Accessing Data Along Multiple Dimensions in an Array

In this section, we will:

  • Define the “dimensionality” of an array.
  • Discuss the usefulness of ND-arrays.
  • Introduce the indexing and slicing scheme for accessing a multi-dimensional array’s contents

We will encounter arrays of varying dimensionalities:

# A 0-D array
np.array(8)

# A 1-D array, shape-(3,)
np.array([2.3, 0.1, -9.1])

# A 2-D array, shape-(3, 2)
np.array([[93,  95],
          [84, 100],
          [99,  87]])

# A 3-D array, shape-(2, 2, 2)
np.array([[[0, 1],
           [2, 3]],

          [[4, 5],
           [6, 7]]])

Similar to Python’s sequences, we use 0-based indices and slicing to access the content of an array.

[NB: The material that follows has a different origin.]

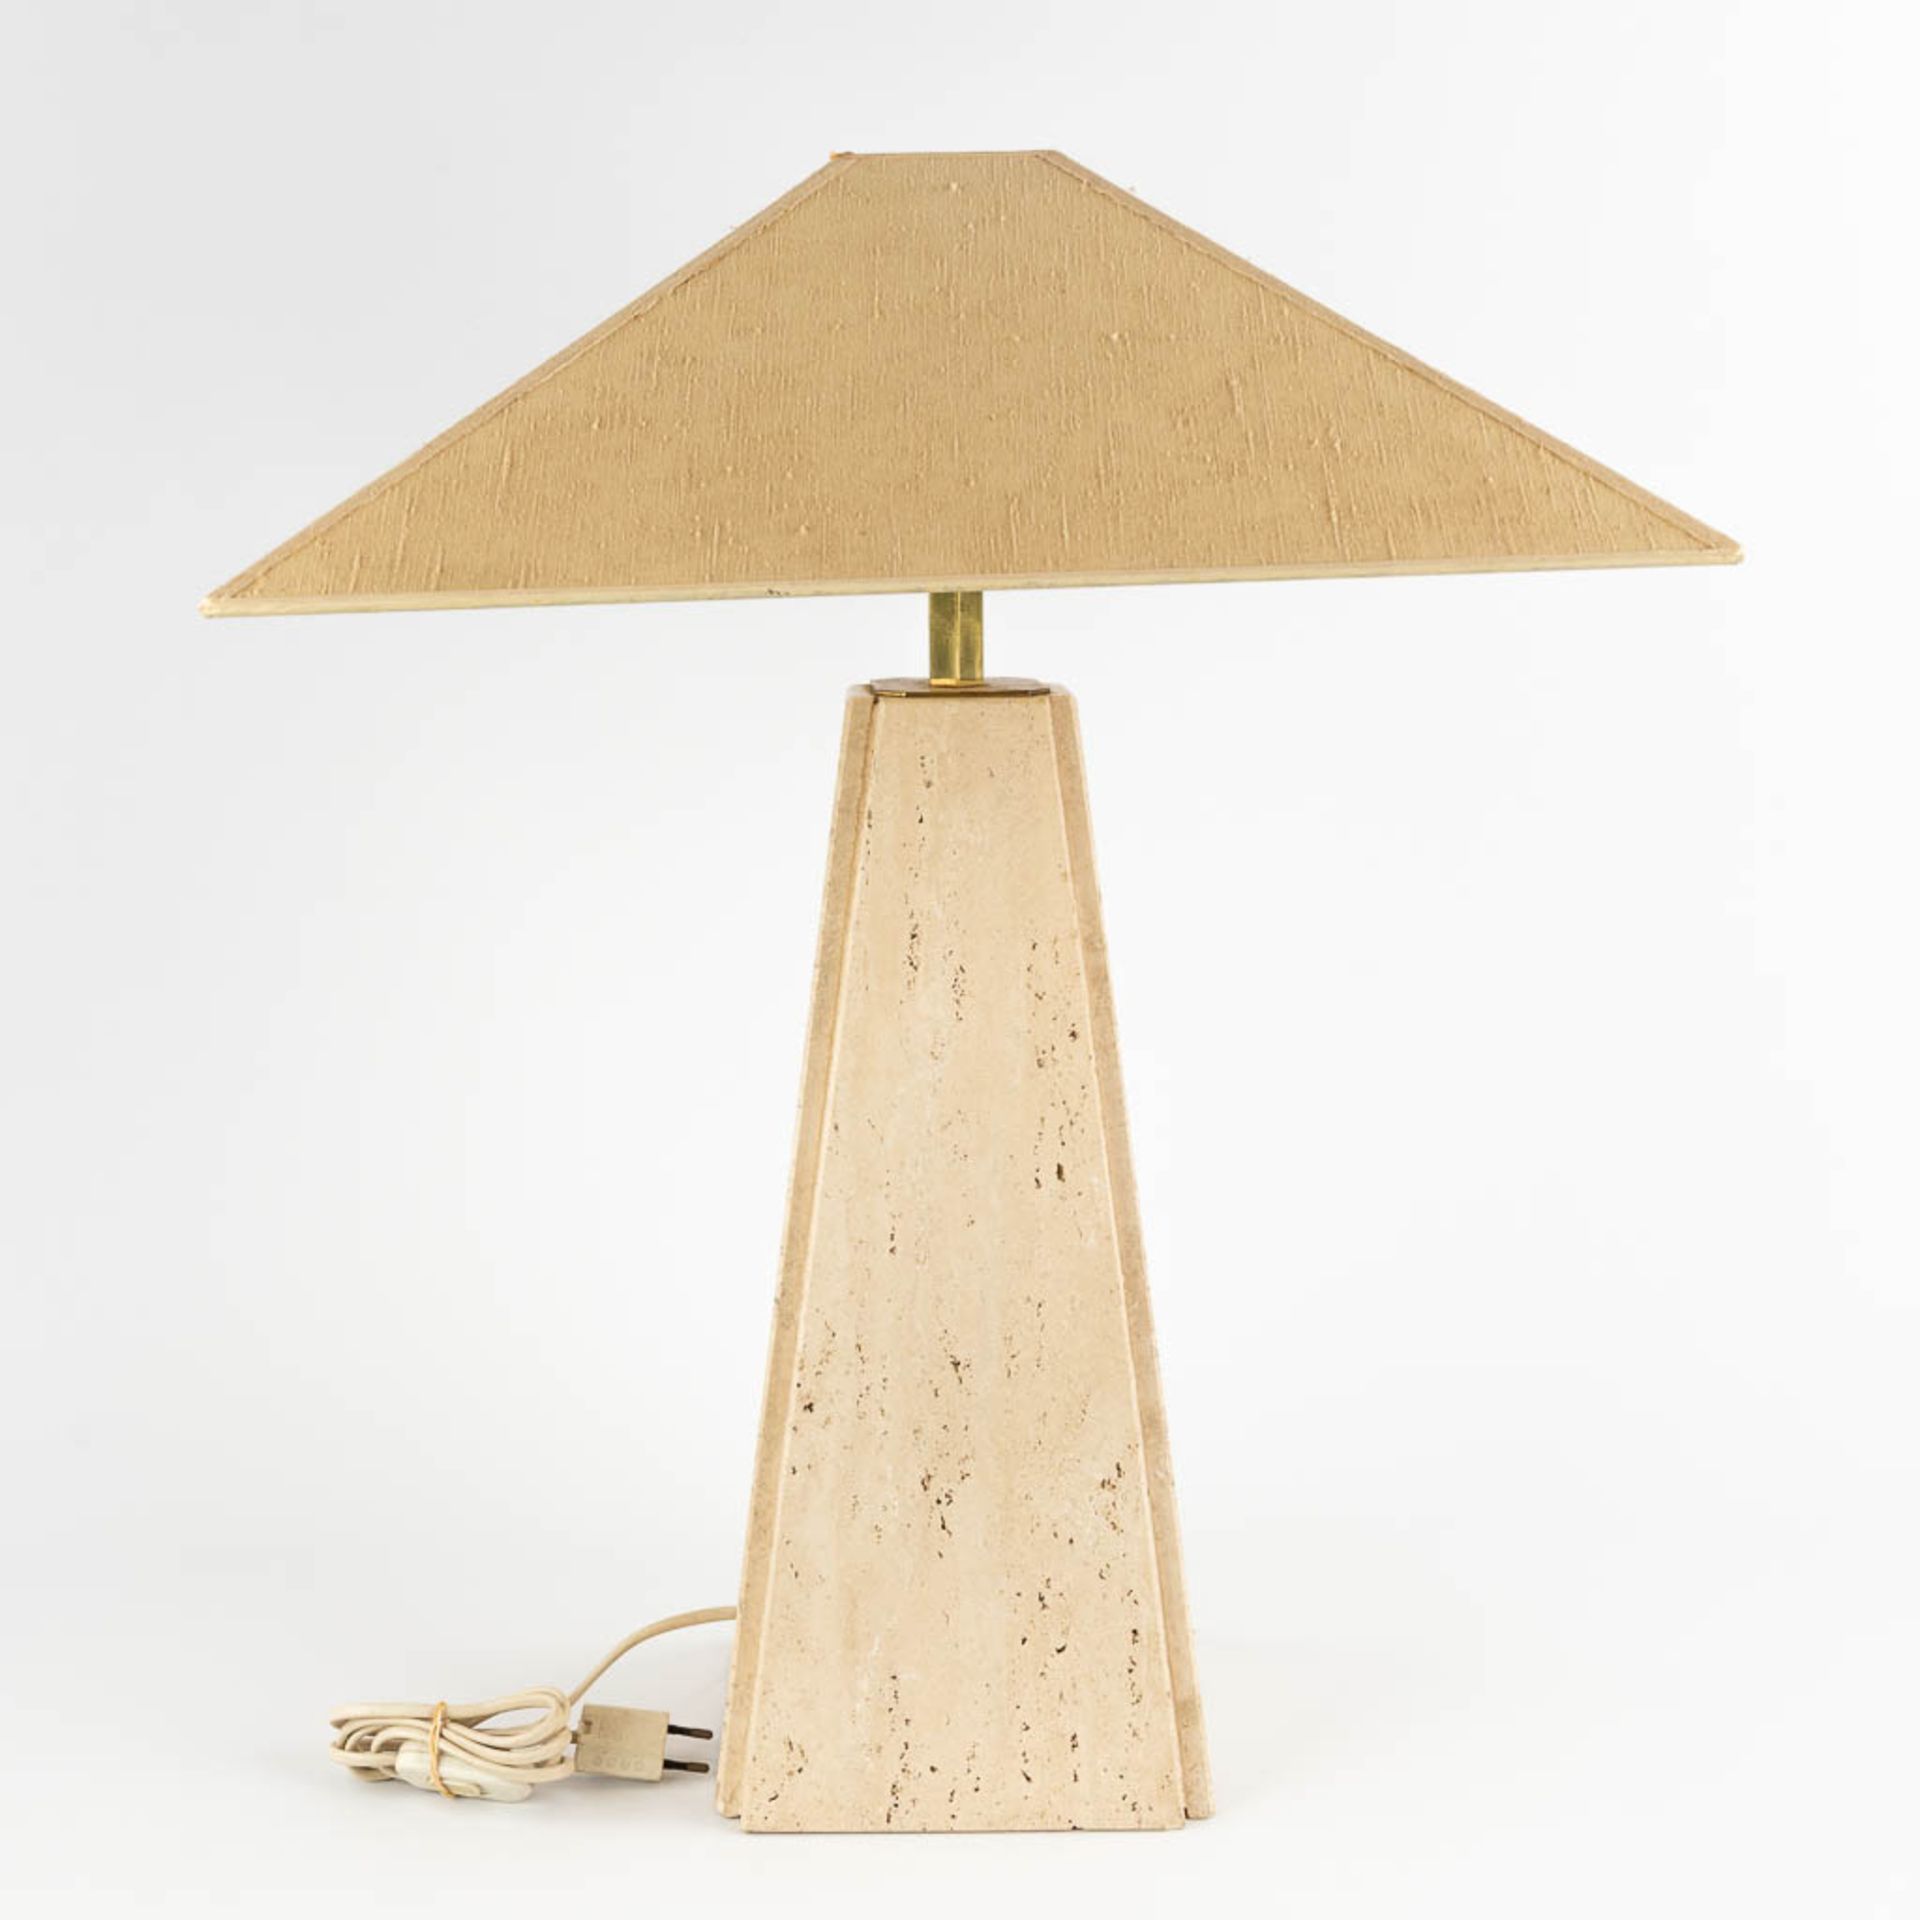 Camille BREESCHE (XX)(attr.) Table lamp, travertine and brass. 20th C. (D:50 x W:50 x H:66 cm) - Image 6 of 11

However, we must specify an index/slice for each dimension of an array:

>>> import numpy as np

# A 3-D array
>>> x = np.array([[[0, 1],
...                [2, 3]],
...
...               [[4, 5],
...                [6, 7]]])

# get: sheet-0, both rows, flip order of columns
>>> x[0, :, ::-1]
array([[1, 0],
       [3, 2]])

One-dimensional Arrays

Let’s begin our discussion by constructing a simple ND-array containing three floating-point numbers.

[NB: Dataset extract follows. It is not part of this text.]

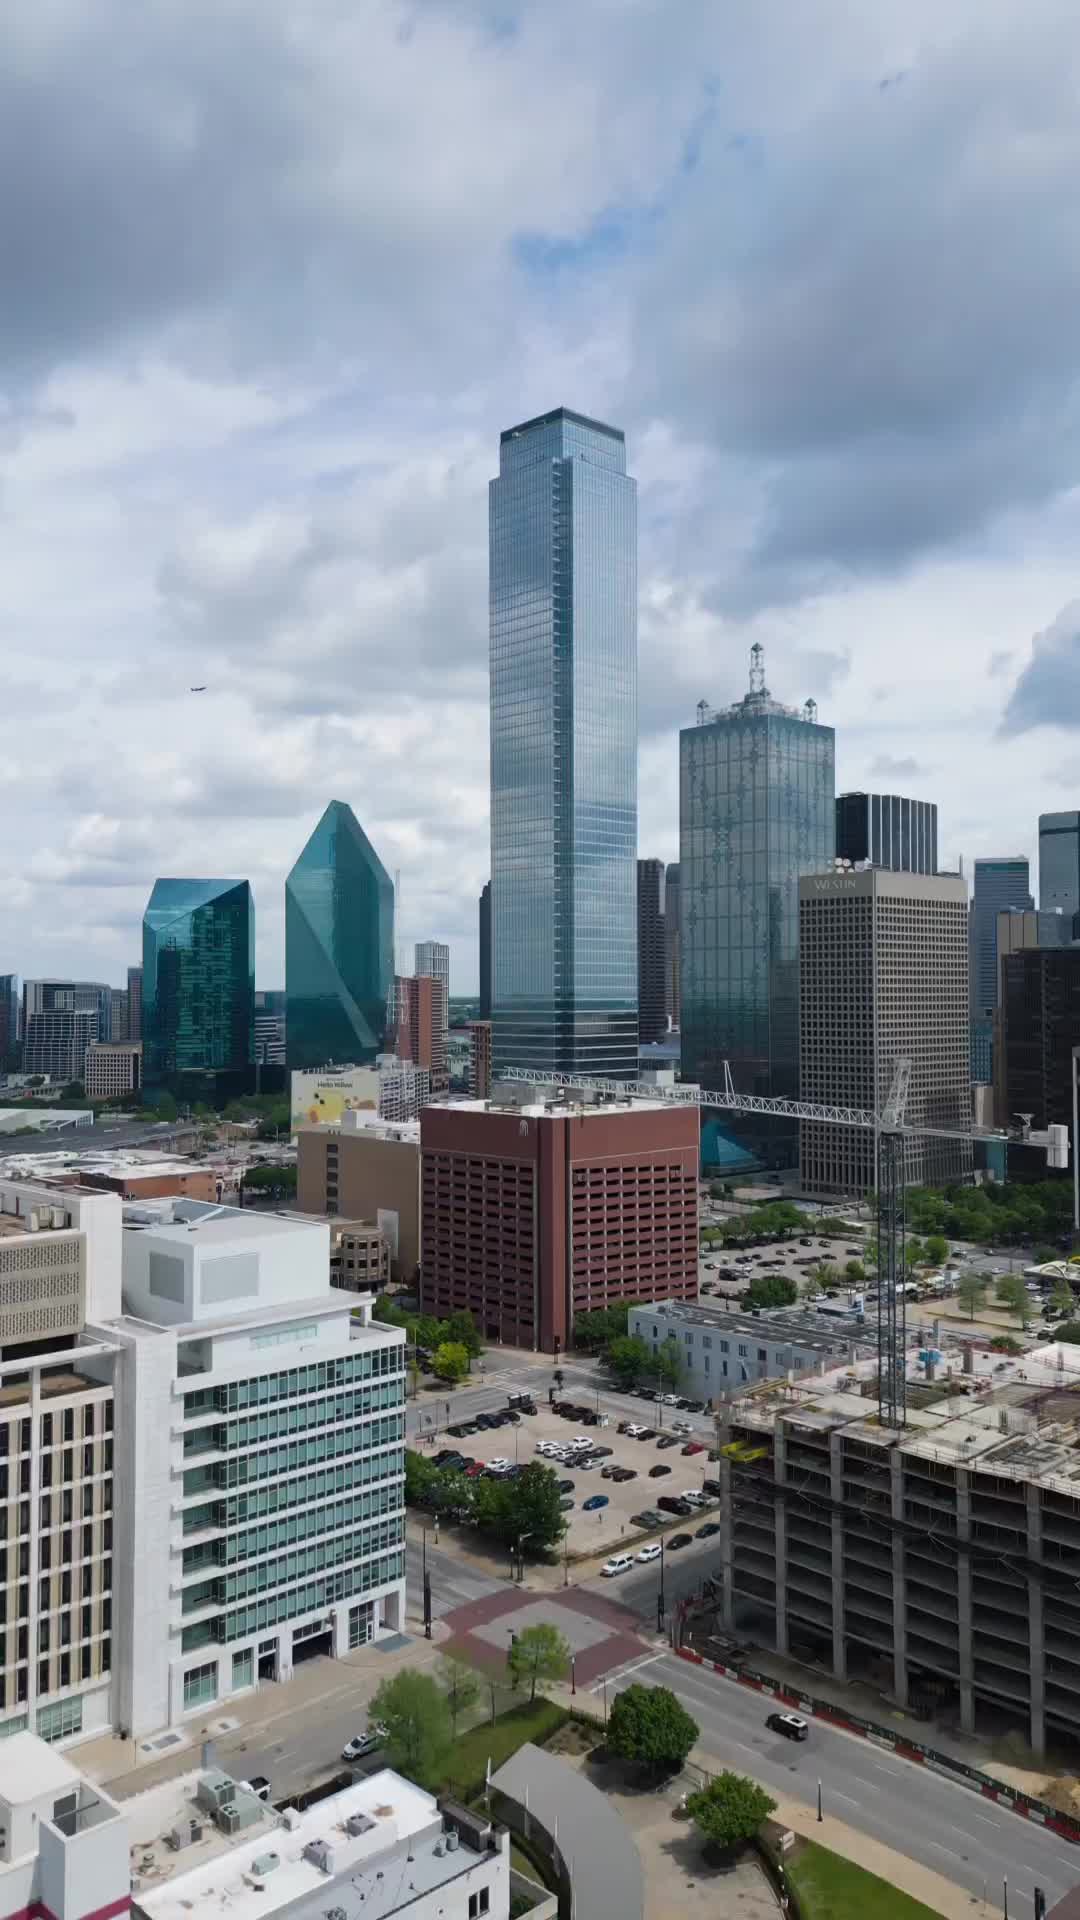 Stunning Drone Footage of Bank of America Plaza, Dallas

>>> simple_array = np.array([2.3, 0.1, -9.1])

This array supports the same indexing scheme as Python’s sequences (lists, tuples, and strings):

+------+------+------+
|  2.3 |  0.1 | -9.1 |
+------+------+------+
    0      1      2
   -3     -2     -1

The first row of numbers gives the position of the indices 0…3 in the array; the second row gives the corresponding negative indices. The slice from \(i\) to \(j\) returns an array containing of all numbers between the edges labeled \(i\) and \(j\), respectively:

>>> simple_array[0]
2.3

>>> simple_array[-2]
0.1

>>> simple_array[1:3]
array([ 0.1, -9.1])

>>> simple_array[3]
IndexError: index 3 is out of bounds for axis 0 with size 3

Given this indexing scheme, only one integer is needed to specify a unique entry in the array. Similarly only one slice is needed to uniquely specify a subsequence of entries in the array. For this reason, we say that this is a 1-dimensional array. In general, the dimensionality of an array specifies the number of indices that are required to uniquely specify one of its entries.

Definition:

The dimensionality of an array specifies the number of indices that are required to uniquely specify one of its entries.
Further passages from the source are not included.